Task prompt — Without including any pictures, reproduce all the lines below word for word.

Source data —
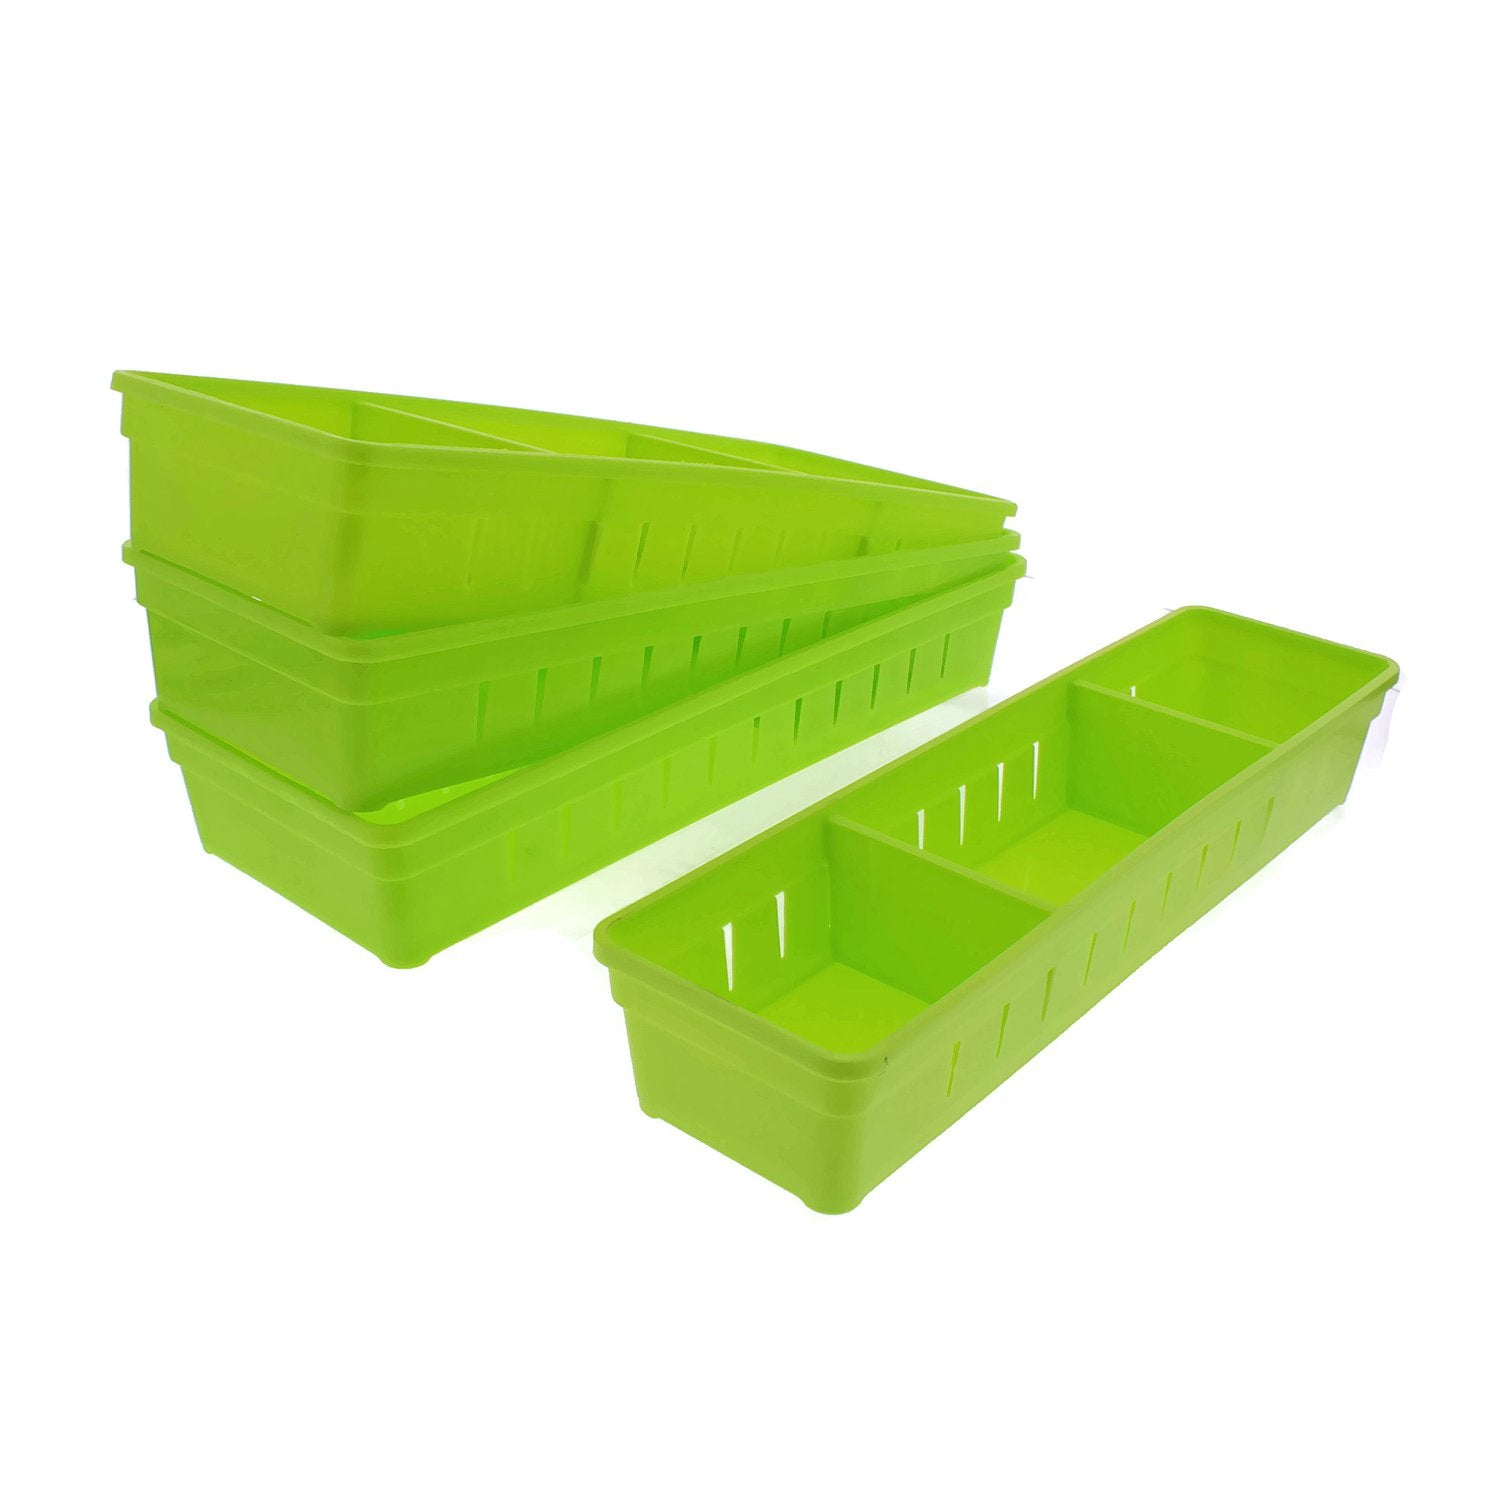 Cheftor Plastic Storage Drawers Drawer Organizers with Dividers for Stationery, Makeup, Silverware, set of 4 (Green)
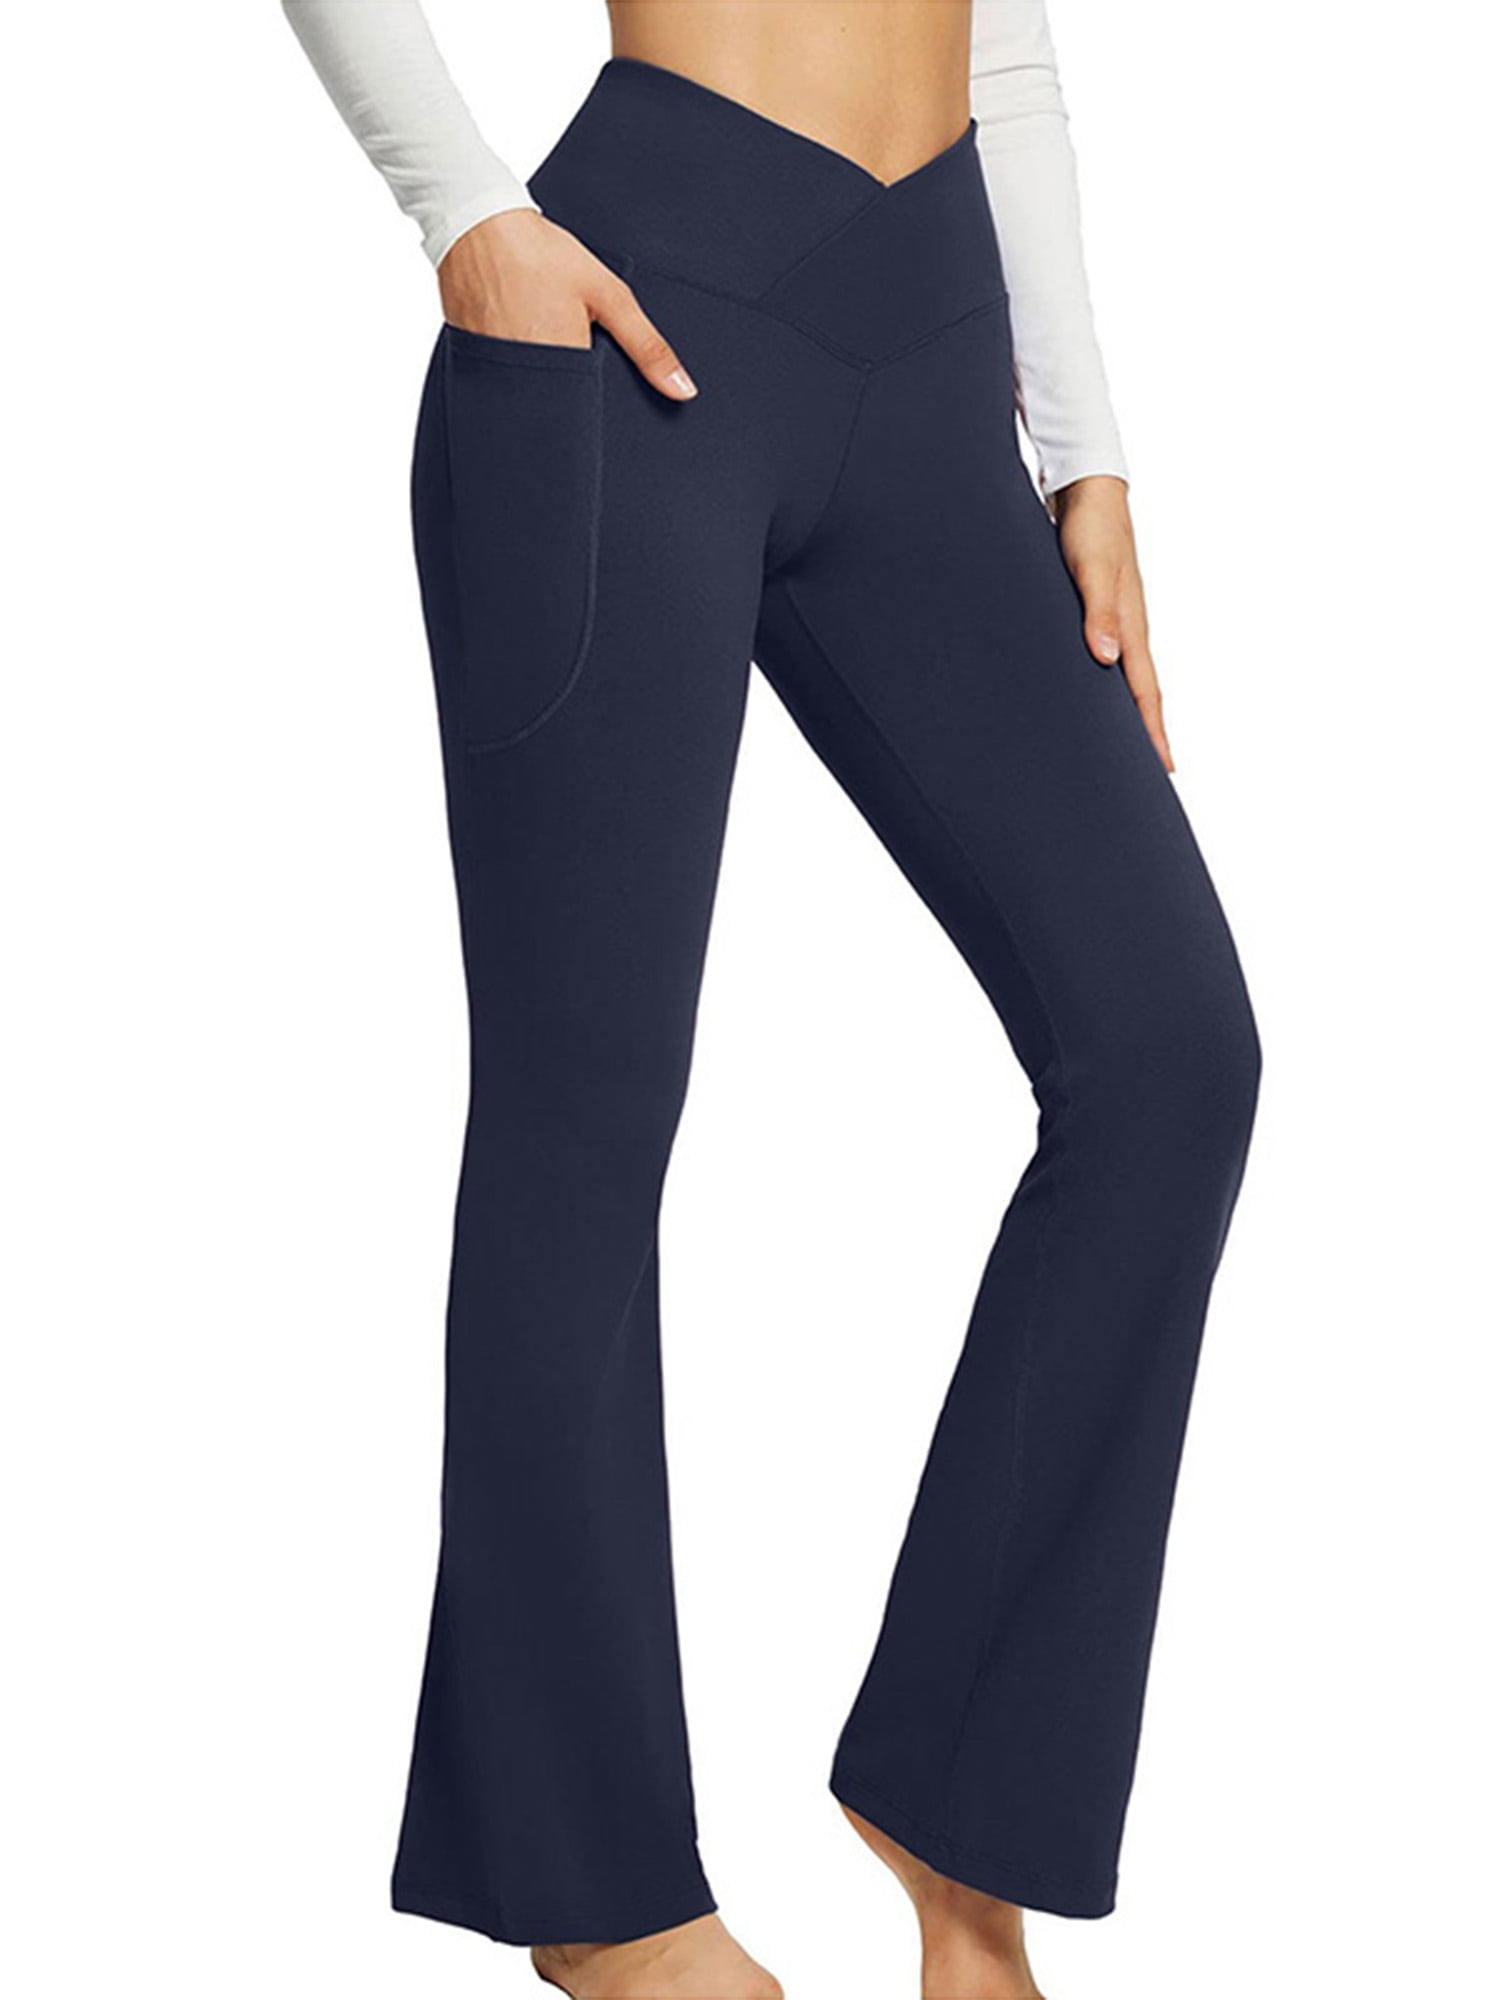 Flare Yoga Pants with Pockets for Women,High Waisted V Crossover Bootcut Yoga  Leggings Stretchy Casual Workout Pants..($17.99) For  USA 🇺🇸  Testers inbox me if you are interested : r/ItemGuide
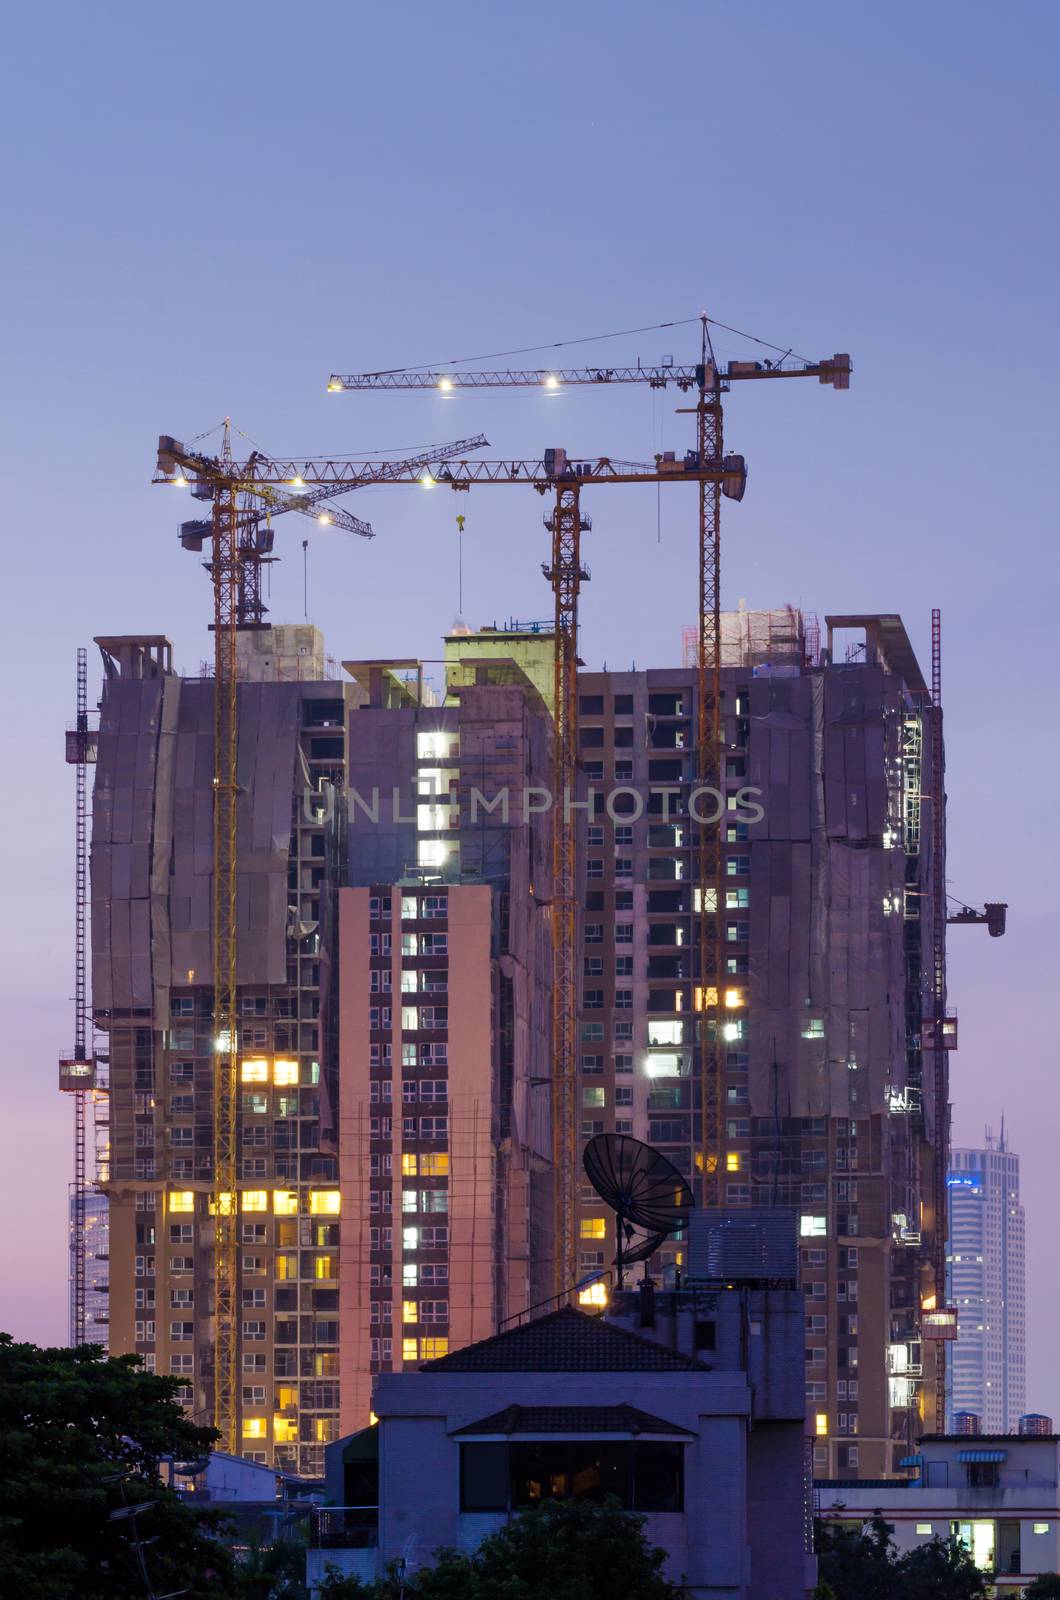 Building Under Construction, Twilight time by siraanamwong

Task response —
 Cheftor Plastic Storage Drawers Drawer Organizers with Dividers for Stationery, Makeup, Silverware, set of 4 (Green)
 Flare Yoga Pants with Pockets for Women,High Waisted V Crossover Bootcut Yoga  Leggings Stretchy Casual Workout Pants..($17.99) For  USA 🇺🇸  Testers inbox me if you are interested : r/ItemGuide
 Building Under Construction, Twilight time by siraanamwong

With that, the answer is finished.